To better understand current indoor network characteristics and the performance of different solutions, a range of deployments from the US across typical indoor sectors has been analyzed. Today, the vast majority of these indoor deployments are still based on 4G solutions, with indoor DAS being the most common, making up over 70 percent. A typical indoor sector is deployed with 20–40 MHz mid-band FDD which is quite limited compared to typical macro 5G mid-band TDD bandwidths.

When analyzing the busy hour user experience, Figure 34 shows that an indoor DAS solution falls short compared to outdoor macro deployments for serving these venues, even though DAS has antennas deployed much closer to the users. In comparison, indoor small cells provide a superior user experience in both uplink and downlink, including at the cell edge, which will drive the required improvement in time-to-content. This significant advantage indoor small cells have in the uplink is important for growing uplink traffic, especially in key venues such as airports and stadiums, and will be critical in paving the way for new services like XR.

Figure 34: 4G user experience shown as downlink and uplink throughput

Downlink

Uplink

Upgrading the indoor experience is required today to drive customer satisfaction. The examples discussed here show that user experience is key to driving customer loyalty, and given the time spent indoors, it offers service providers an opportunity to deliver on, or even to exceed, consumer expectations with enhanced experiences.
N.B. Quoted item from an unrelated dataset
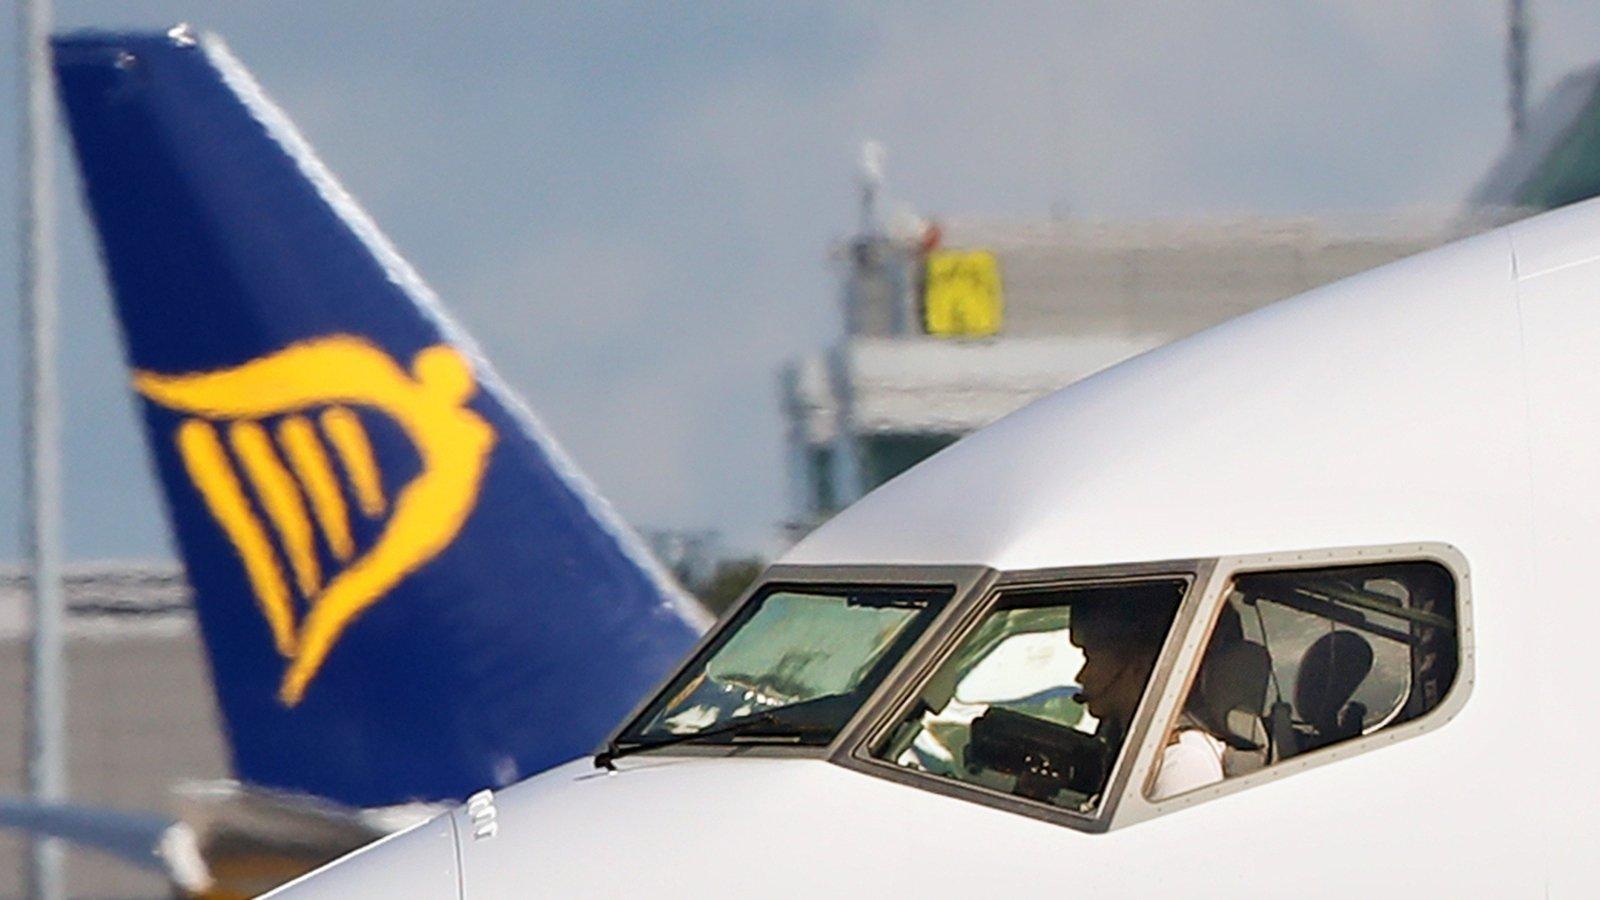 Resultado de imagen para Ryanair reports CO2 emissions

There is a clear need for investment in key locations, especially airports which have some of the worst performance data, alongside being a key location driving churn. 5G mid-band TDD and indoor small cells are the optimal solutions for significantly improving network performance for downlink time-to-content, and even more so for uplink, which will be key to paving the way for new immersive XR services.

Methodology

In North America, data was retrieved from nine different venue types, with 30 samples of mobile traffic data taken per venue type, from across three different networks in Q1 2023.


1. Ericsson Blog, “5 ways indoor 5G will change your life (and mine)” (July 2023).

2. Ericsson ConsumerLab, 5G value: Turning performance into loyalty (October 2023).

3. Ericsson Mobility Report, “Time-to-content: benchmarking network performance” (November 2021).